The software for viral replication is the nucleic acid core, a single strand long chain RNA nucleotide. The core is surrounded by the nucleic acid coat or capsid. The capsid is rigid and determines the shape of the virus; it is made of repeating units called capsomeres. The SARS viral nucleocapsid is tubular with a helical symmetry.

An envelope that forms the outer layer of the virion and maintains intimate contact with host bodily fluids surrounds the nucleocapsid. As such, it is sensitive to the composition and alterations in its milieu, such as temperature, pH, and ionic balance. The viral envelope is formed at the time of budding, an intricate process in which the nucleocapsid exits the host cell. In order to do this, it fuses with the host cell membrane, appropriating its components to form its own envelope. It is known that the lipid composition of viral membranes reflects the lipid composition through which the particles exit. Viral envelopes are composed of lipid bilayers associated with a union of carbohydrates and proteins, glycoproteins, and lipids and phosphates, phospholipids. Up to 60% of the lipid component of the envelope is composed of phospholipid and the remainder is mostly cholesterol. This lipid-carbohydrate envelope is closely articulated with the peplomers, which determine attachment and penetration into host cells.

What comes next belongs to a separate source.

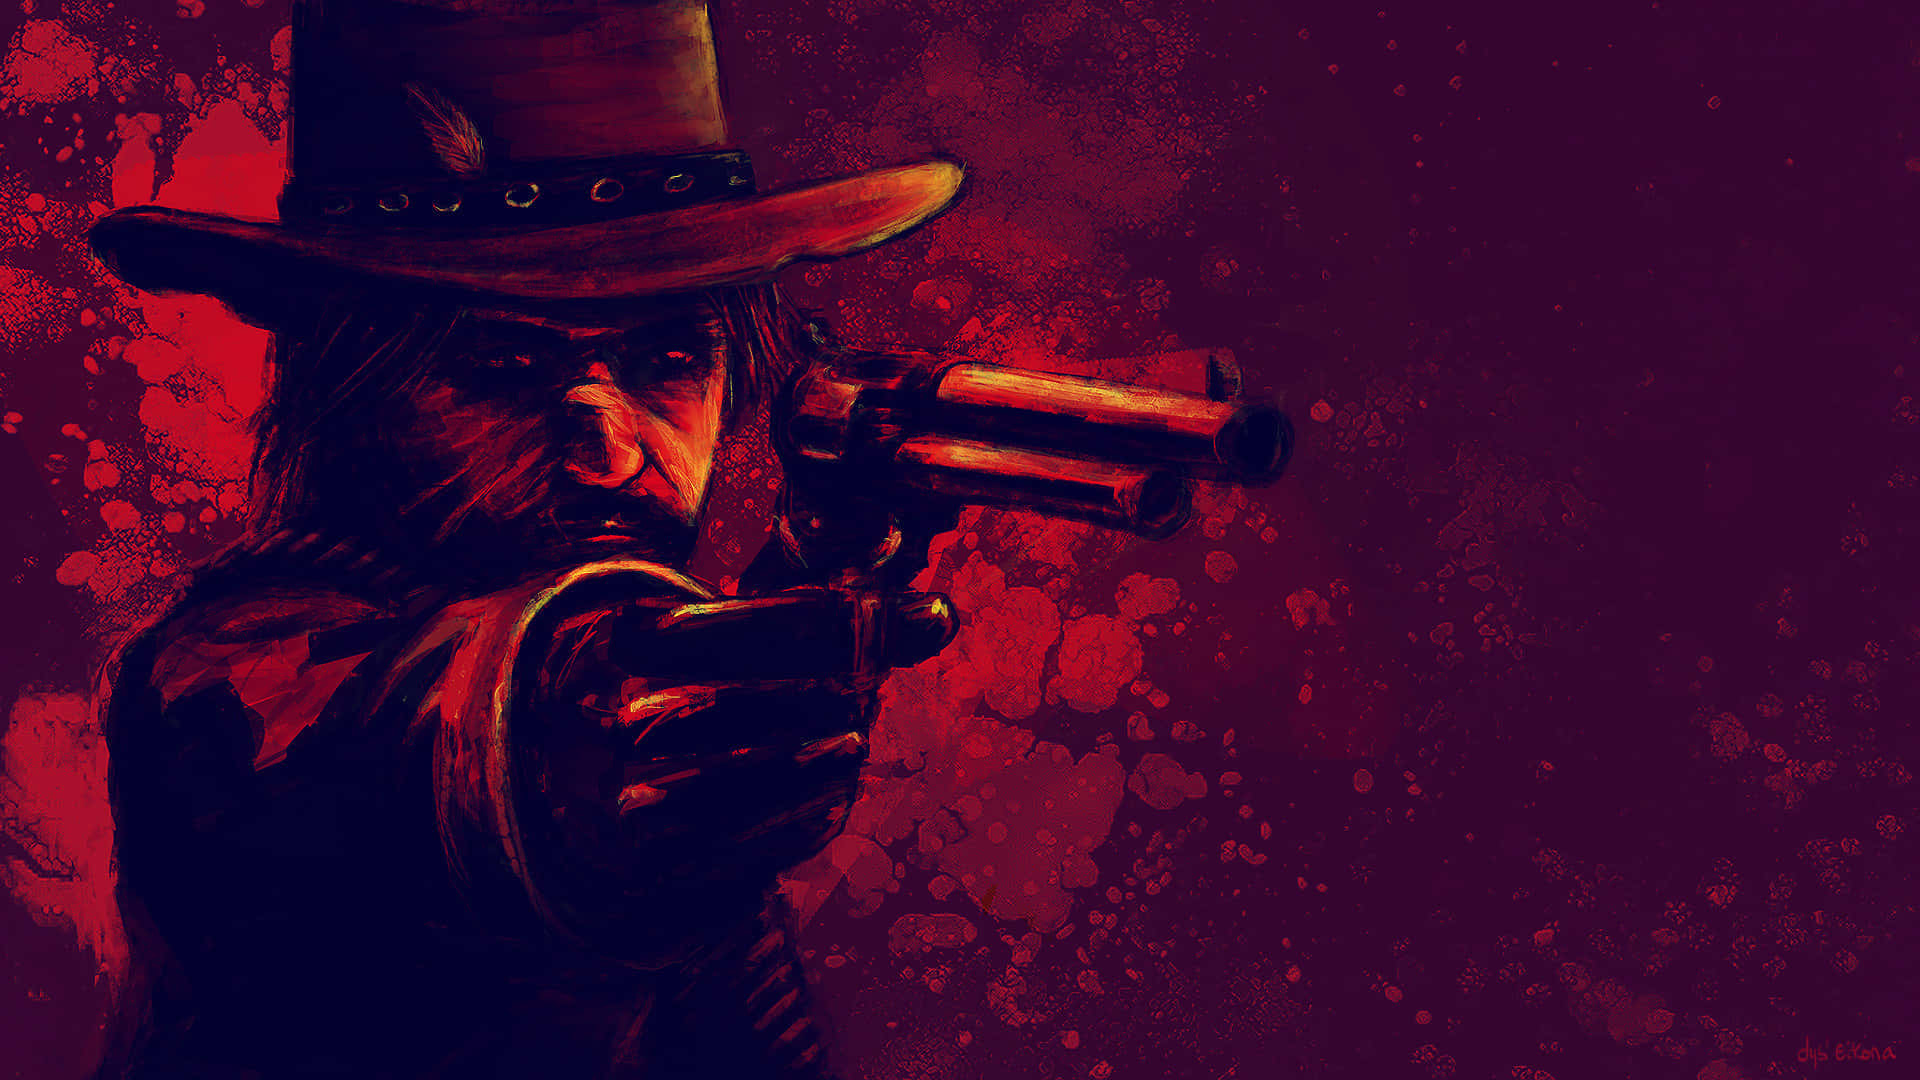 Best Red Dead Redemption 2 John Marston Pointing A Gun Background

The genome composition and sequence of the SARS virus has been identified (Marra 2003; Rota 2003). Marra et al. described a viral genome configuration of 29,727 nucleotides in length, within which exists a gene order similar to other coronaviruses. However, because the genetic composition of SARS does not closely resemble any of the three known classes of coronaviruses, they propose a new and fourth class of coronaviruses, the SARS-CoV. Postulated, is a hypothesis that an animal virus recently mutated to successfully infect humans, or that the SARS virus mutated from a common human coronavirus.

Rota et al. reported a nucleotide sequence of 29,727 in SARS-CoV, with 11 open reading frames. Phylogenetic analyses and sequence comparisons showed that the SARS virus is not closely related to any of the previously characterized coronaviruses.

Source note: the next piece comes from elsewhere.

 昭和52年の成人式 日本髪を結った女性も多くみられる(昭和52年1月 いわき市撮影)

Virion structural proteins are essential elements in determining the morphological and functional dimensions of the SARS virus. Coronavirus structural proteins include the N nucleocapsid phosphoprotein which binds to viral RNA; the membrane glycoprotein M which forms the shell of the internal viral core and is responsible for triggering viral assembly; the protein E associated with the virion envelope; the spike glycoprotein S which binds to specific cellular receptors and elicits cell-mediated immunity; and the hemagglutinin-esterase glycoprotein HE forming small spikes on the coronavirus envelope (Knipe 2001).

SARS: Viral replication

The viral replication cycle follows the pattern seen in mammalian viruses and may be divided into several stages (Cann 1997; Evans 1997; Knipe 2001). The coronavirus attaches to the membrane of the host cells by binding the S and HE proteins of its peplomers to receptor glycoproteins or glycans.

Once cell entry is achieved, the virion sheds its envelope to commence its replication in the host cell cytoplasm. It binds to cellular ribosomes and released viral polymerase begins the RNA replication cycle. Newly formed nucleocapsids continue their assembly with the acquisition of new envelopes by means of budding through membranes of the cell's endoplamic reticulum.

Virions are then released into the general blood and lymphatic circulation, ready to infect new cells, other organ systems, and new hosts.

SARS: Clinical findings

Recently, the clinical manifestations of SARS have been comprehensively described (Peiris 2003). In this study of 50 hospitalized patients, fever, chills, myalgia, and dry cough were the most frequent presenting complaints. Also reported, were rhinorrhea, sore throat, and gastrointestinal symptoms.

Radiological examination showed evidence of pulmonary consolidation approximately 5 days after the onset of symptoms. Laboratory examination showed leucopenia and lymphopenia, despite the presence of fever; also anemia, thrombocytopenia, liver enzyme elevations (alanine aminotransferase), and skeletal and heart muscle enzyme elevation (creatinine phosphokinase). All these features point to severe systemic inflammatory insults.

The incubation of SARS is 2 to 10 days, and in some patients perhaps longer. The respiratory route achieves viral transmission where it may infect the new host through aerosol and droplet contact with mucosal surfaces of the mouth, nose, throat, and probably the conjunctiva. SARS virions have been found in feces and the importance of this route of transmission is being evaluated, as it is known that several animal coronaviruses use this propagation venue. Moreover, since it is appreciated that SARS particles remain viable on fomites for 48 hours or longer, any eradication effort must address the infectivity of objects in the environment.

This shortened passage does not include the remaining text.